You have to create inputs.

Give me your email address and I will send you templates with Kontakt if you wish.


----------



## José Herring (Dec 17, 2012)

gsilbers @ Mon Dec 17 said:


> josejherring @ Mon Dec 17 said:
> 
> 
> > gsilbers @ Mon Dec 17 said:
> ...



If you open up one instance of VEPro and connect to server in Cubase then you have access to as many audio outputs from VEPro to input in to Cubase as you want. There may be a limit but I haven't reached it. Like I said, I have 1 instances of VEPro serving 40 outputs up to Cubase that Cubase accepts as discrete inputs. So yes every Kontakt instances that I use in VEPro has it's own output from vepro into Cubase.

For example. One instances of VEPro has 20 Kontakt plugins. The Kontakt plugins are routed 1/2 3/4 5/6 7/8...ect... 

It wouldn't matter if one plugin was from a different company. It would still have its own output from VEPro to its own input in Cubase.

The be honest I have nothing against Logic but if I had to do what needs to be done in Logic to get VEPro to work the way it should, I'd not use VEPro. I would use something else. I would get a slave to host VEPro and hardwire the outputs instead.


----------



## EastWest Lurker (Dec 17, 2012)

Once you have your templates set up, it is a breeze. I have helped probably 12 composers in LA with the tandem and they are all pretty happy.


----------



## gsilbers (Dec 17, 2012)

thanks again. i guess its the part of crating inputs that worked. 
the template is fine. i forgot to mentioned that the reason for this was to have event input VEP plugin and audio input VEP pluign be routed to the same VEP intance and i could bounce in place. 

right now bounce in place is heaven for me. the the 16 ch midi limitation makes it hell to connect sooo many intances. 

so i thought the event iput/audio input VEP plugins would of work for this .. and for some reason think no else in the VEP forum realize this


----------



## gsilbers (Dec 17, 2012)

EastWest Lurker @ Mon Dec 17 said:


> Once you have your templates set up, it is a breeze. I have helped probably 12 composers in LA with the tandem and they are all pretty happy.

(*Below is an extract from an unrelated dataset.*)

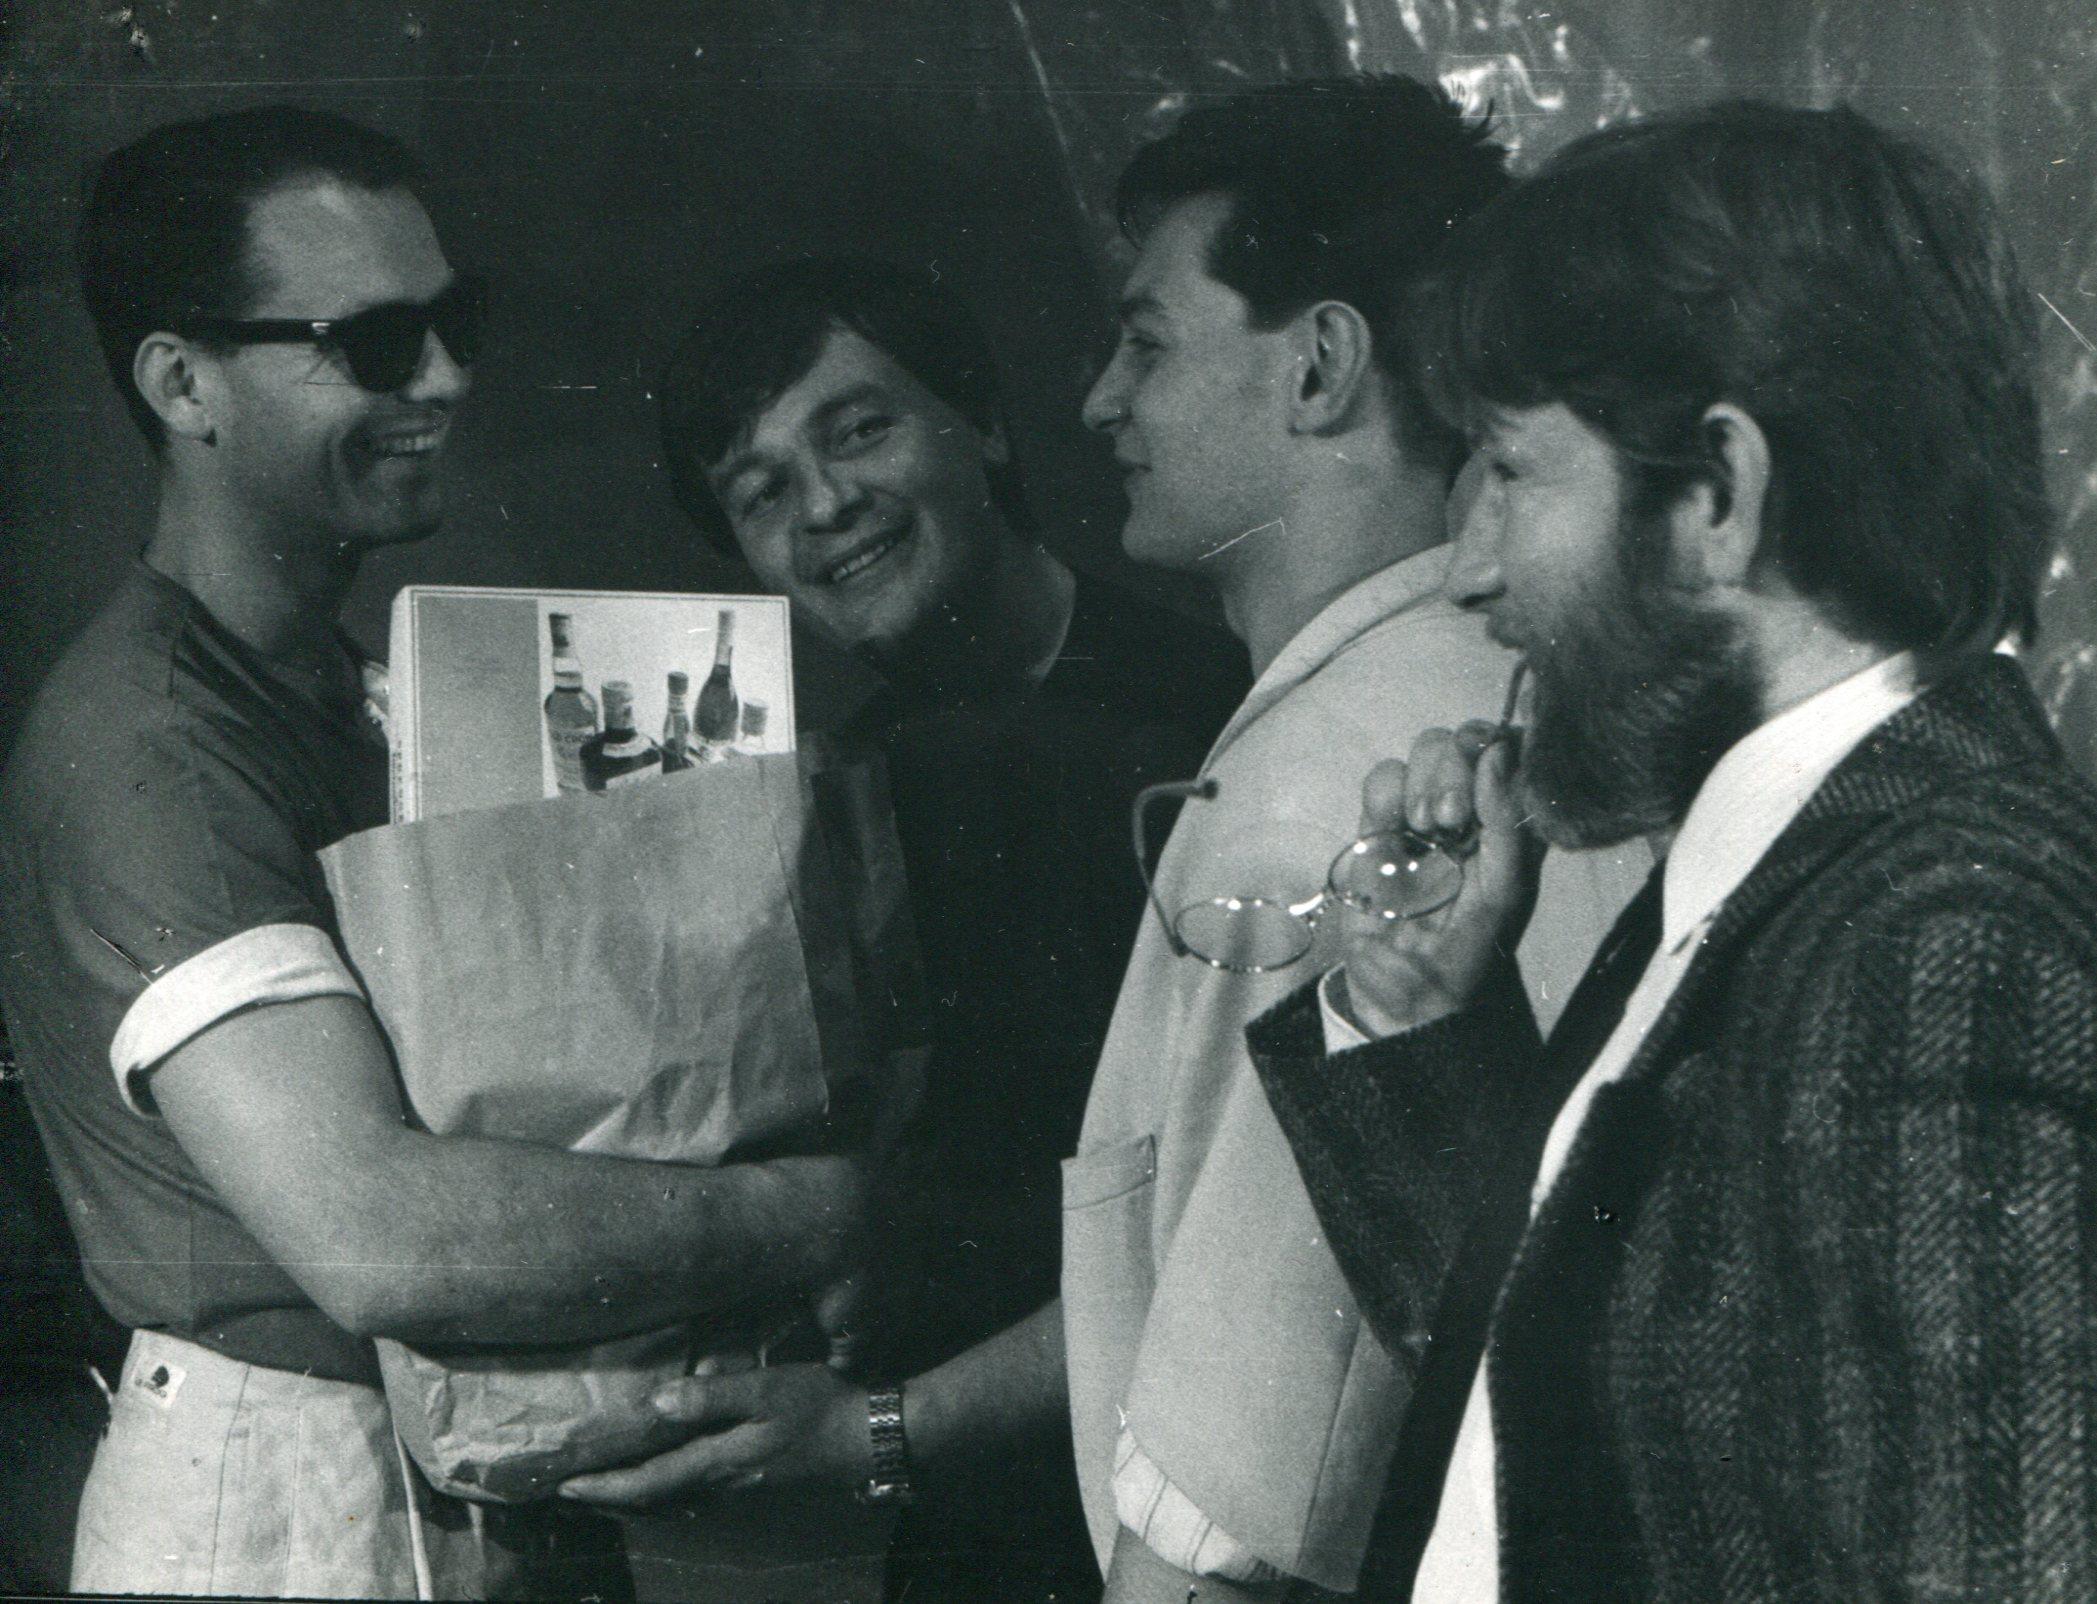 Zdjęcia archiwalne spektaklu 'Normalne serce' w reż. Grzegorza Mrówczyńskiego, wystawionego w 1987 roku w Teatrze Polskim w Poznaniu (fot. Rafał Jasionowicz)
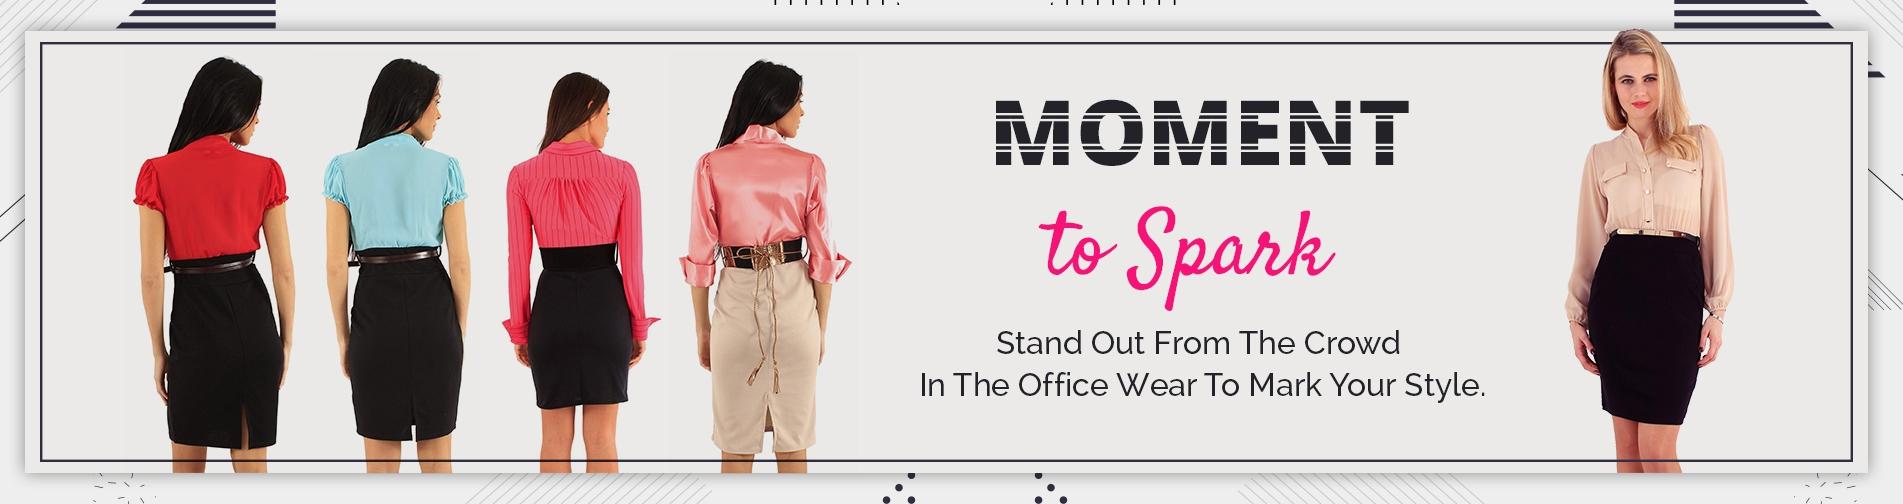 Office Wear

btw how does the transform work in the environment?
i see it changes program but not sure about the details


----------



## EastWest Lurker (Dec 17, 2012)

gsilbers @ Mon Dec 17 said:


> EastWest Lurker @ Mon Dec 17 said:
> 
> 
> > Once you have your templates set up, it is a breeze. I have helped probably 12 composers in LA with the tandem and they are all pretty happy.
> ...



What do you want to transform, cc7 to cc11?


----------